Старику чудилась ладная избушка в звонком и светлом сосновом бору с лихо выгнутым коньком на крыше. Рядом с избушкой стоит чурбан с лежащим топориком-колуном, да валяются вокруг ровные четвертинки берёзовых дров. Немолодая, но ещё очень красивая женщина в мягкой кожаной безрукавке и синей поневе собирает оклеенные берестой четвертинки и относит за угол избы, складывает поленницу. Работает спокойно, без суеты, но вдруг вздрагивает, точно чувствуя на себе до боли знакомый взгляд, медленно поворачивается и смотрит в упор. И глаза у неё тоже такие же синие, как и понева. Тихонько падают из рук ровненькие чурочки, а синева глаз наливается солёной влагой от радости, и перехватывает дыхание боязнь спугнуть нахлынувший морок…
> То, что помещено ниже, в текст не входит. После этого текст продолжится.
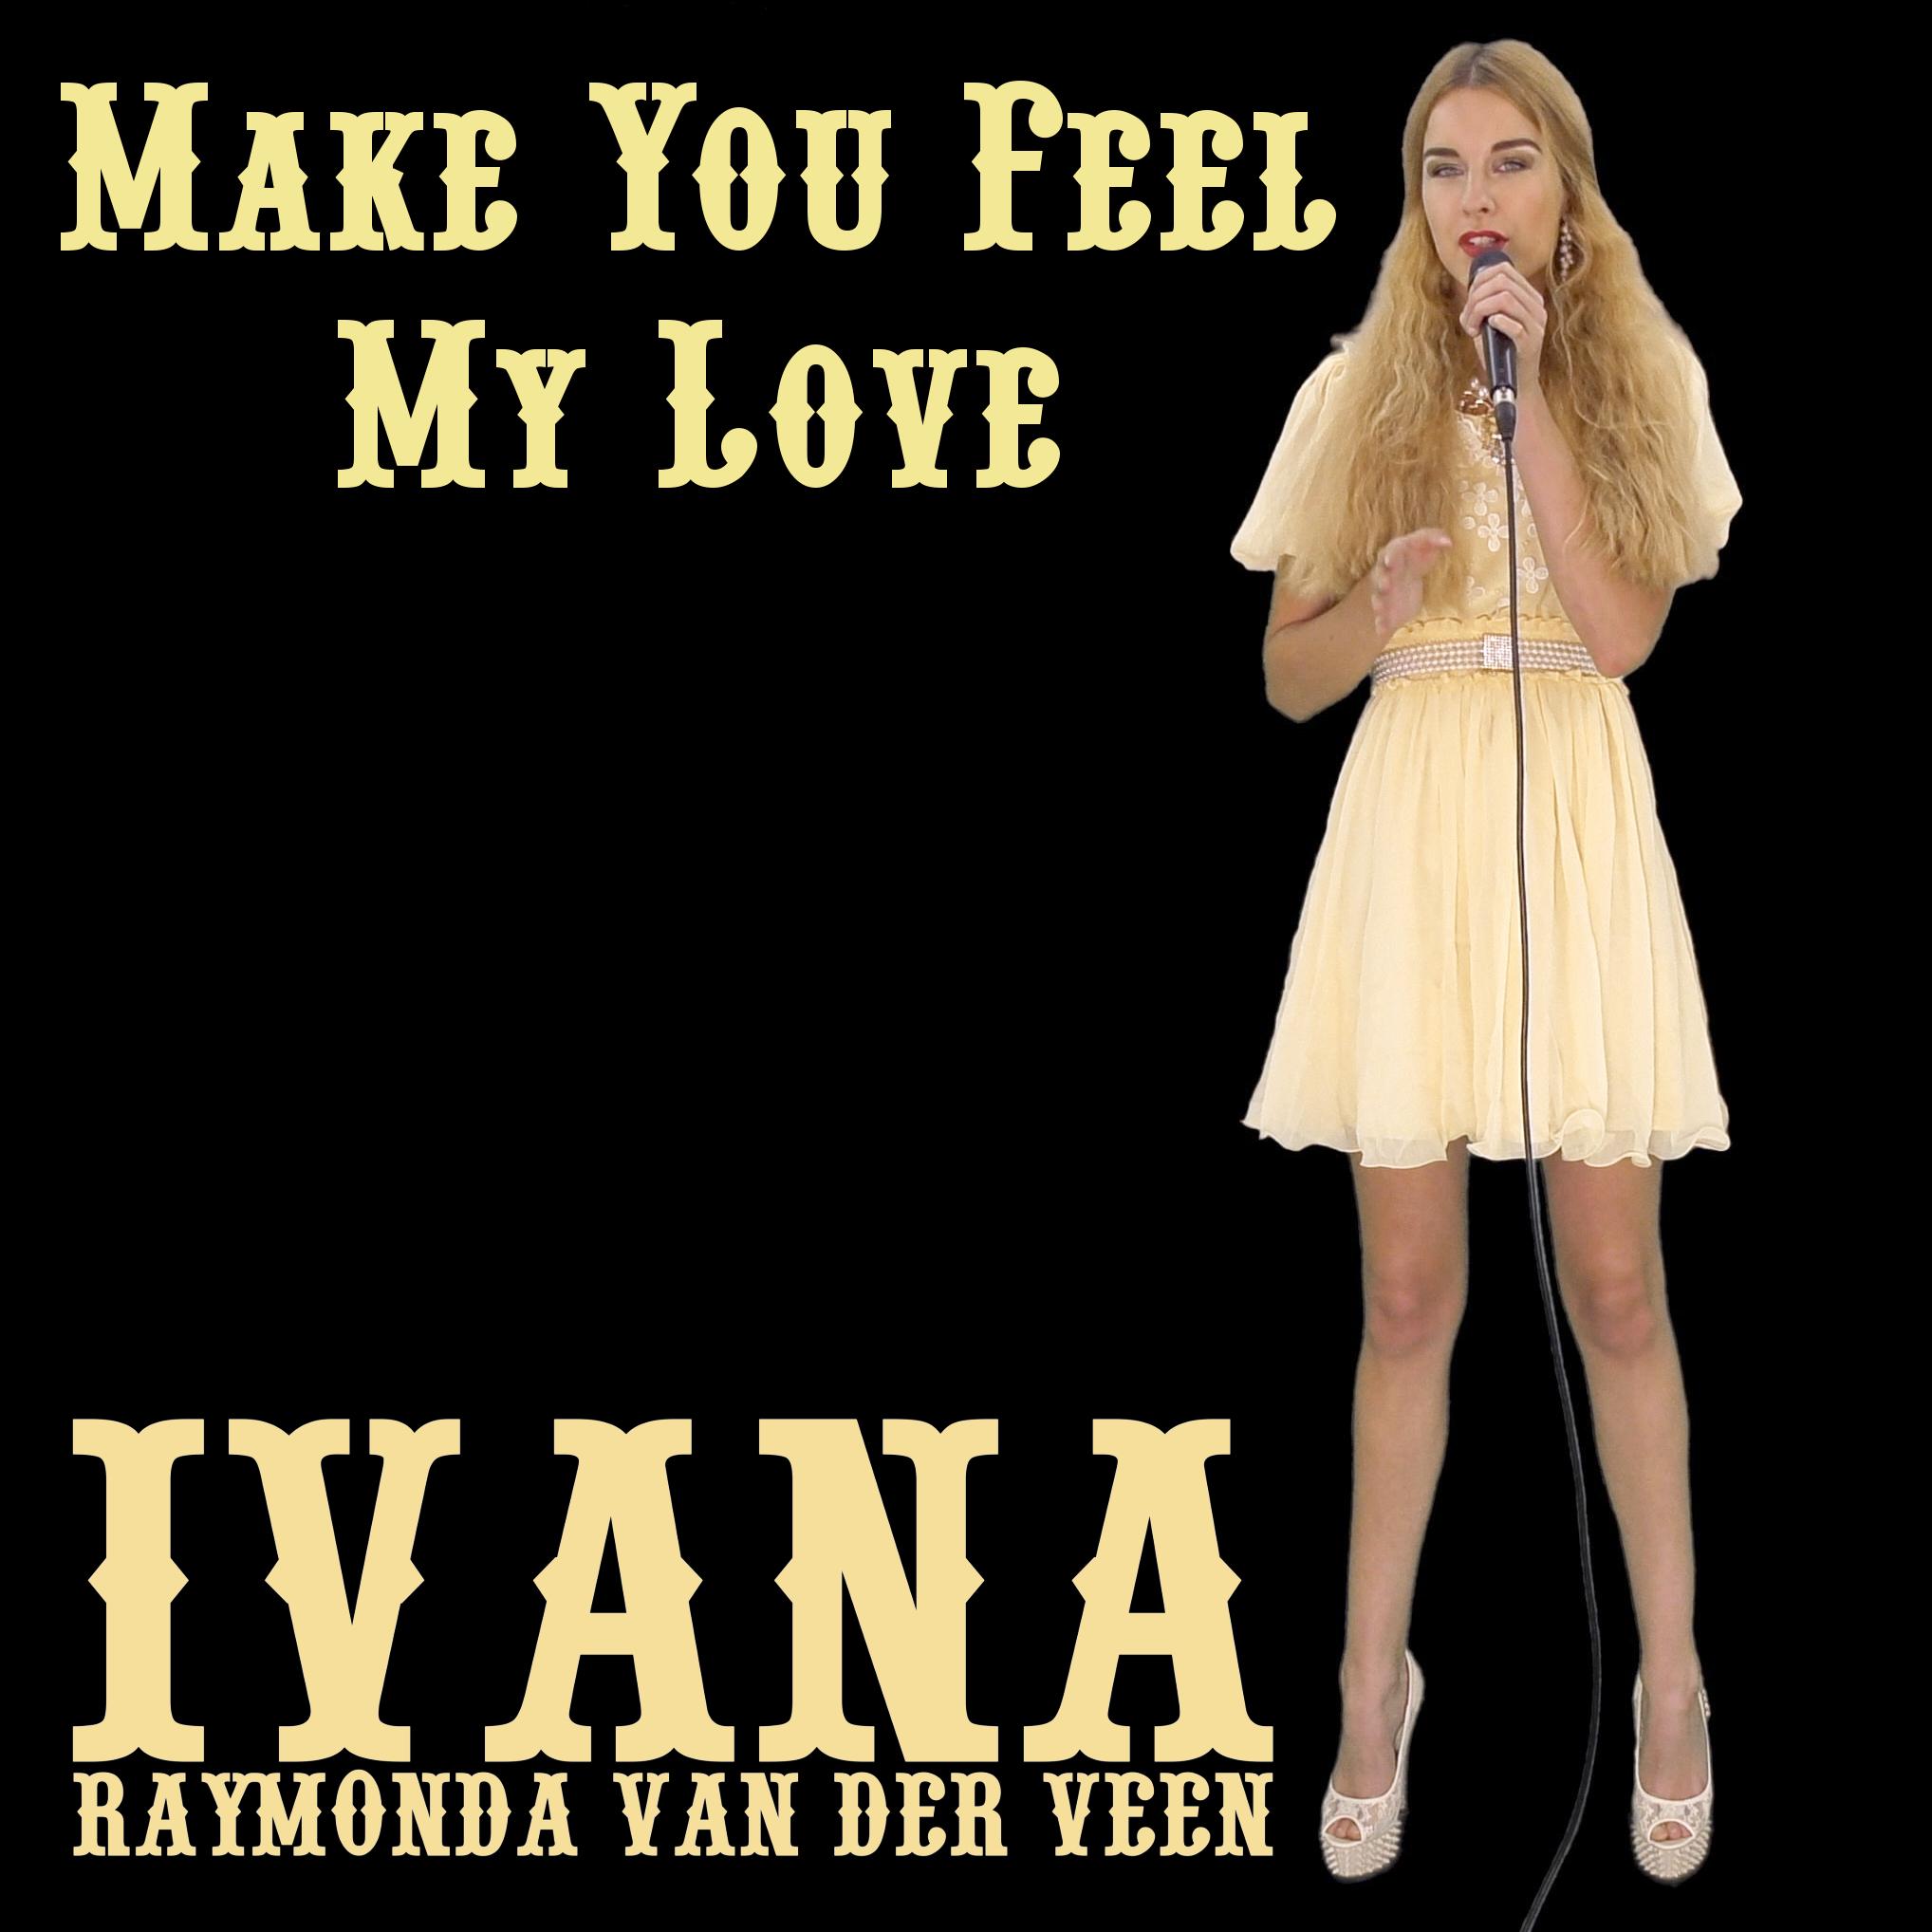 Make You Feel My Love - Ivana Raymonda van der Veen.jpg

Ульвиг в затопившем его свете и аромате пахучей смолы, которым дышали разогретые утренним солнцем стволы деревьев за спиной, видел родной фиорд. Было ещё прохладно, но зимнее стекло, сковавшее море, наконец, начало ломаться под напором весенних ветров и тёплого солнца. Утром они с братьями и отцом спускали на воду корабль. Доброе судно, родившееся в начале зимы и выросшее как раз к ледоходу, со шкурой чёрного грозового цвета, венчанное головой страшного дракона. Вспомнилось, как выкатили по каткам могучий драккар, и как радостно закачался он на невысоких волнах, словно воин, сваленный ранами на зиму, пробовавший, наконец, встать на ноги... И этот запах смолы в корабельном сарае, и ни с чем не сравнимый аромат нагретой солнечными лучами резной деревянной скамьи под головой.  И хлопанье вышитого полотнища паруса, и крики чаек, дразнящиеся солёные брызги из-за бортов.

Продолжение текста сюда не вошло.